Both governmental regulatory changes and an innovation-driven market have paved the way for the boom of ‘Alternative lending’, which is increasingly taking over traditional marketplaces. One key factor that is revving up the demand for this platform is its distinctive approach to underwriting, which is analytical and dependent on important aspects of customer data.
Big Banks Rely On Conventional Models
The traditional banks are still using old-fashioned underwriting models that often lead to wrong decision regarding who to loan money to and at what rate. Moreover, old models take a lot of time time to ascertain the creditworthiness of a borrower, which in turn, only escalates the waiting time period for small business owners.
Ascend Consumer Financial’s Scott Crawford, VP of product and marketing, said that conventional underwriting comes with major problems, which need to be addressed through alternative data sources.
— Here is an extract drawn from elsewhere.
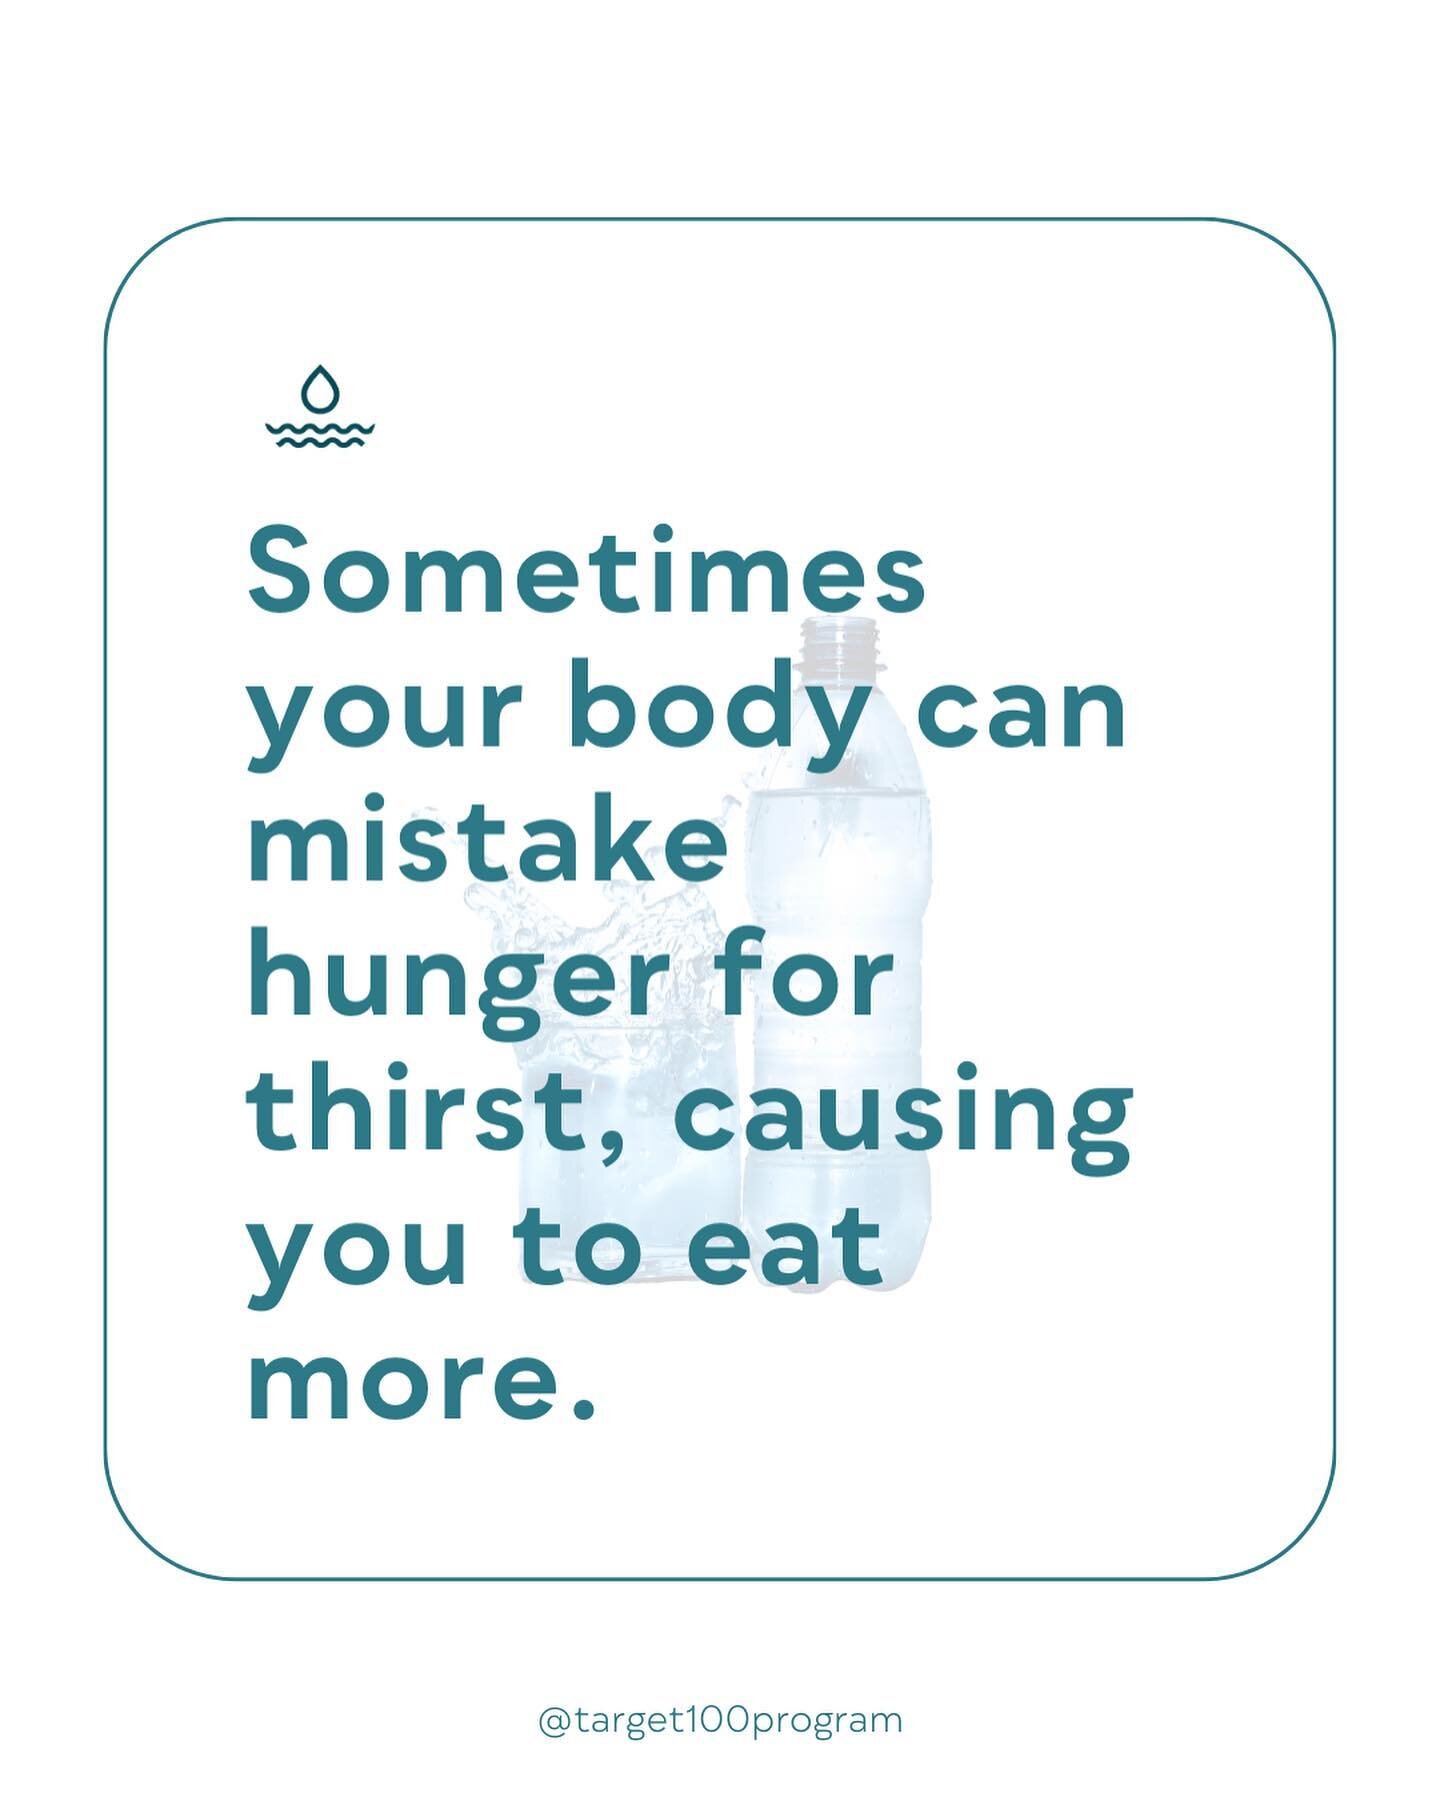 As someone passionate about helping others achieve their weight loss goals, I can&rsquo;t stress enough the importance of staying hydrated. Drinking water before meals can help you feel fuller and reduce the likelihood of overeating. Plus, proper hyd

Small business loan provider OnDeck’s Krishna Venkatraman, SVP of Data and Analytics, strongly feels that disruption in the existing business model from alternative lenders can only lead to innovation.
Speedy And Dependable
Using the latest analytical solutions, alternative lenders can create holistic profiles of their potential borrowers, which leads to speedy processing of the applications without clouding judgement.
Crawford is confident that alternative lending solutions will soon claim a larger share of the lending industry, given its aggressive approach to testing new credit models and the ability to launch them in the market. Crawford added that the fast pace of testing new credit scoring methods could bring about insightful feedback and help the industry to streamline the whole industry of credit modelling.
By looking at the current business models of big banks, which remain focused on conventional ways of credit profiling, Crawford projects that those banks will fall behind in the loan industry. He sees rapid growth for firms that have proven and modern underwriting and business models.
These facts should encourage small business owners and startups to approach alternative lenders rather than getting turned down by traditional banks, big or small. Not only are the chances higher for getting the required loan, but the use of the latest in analytics reduces the rejection rate.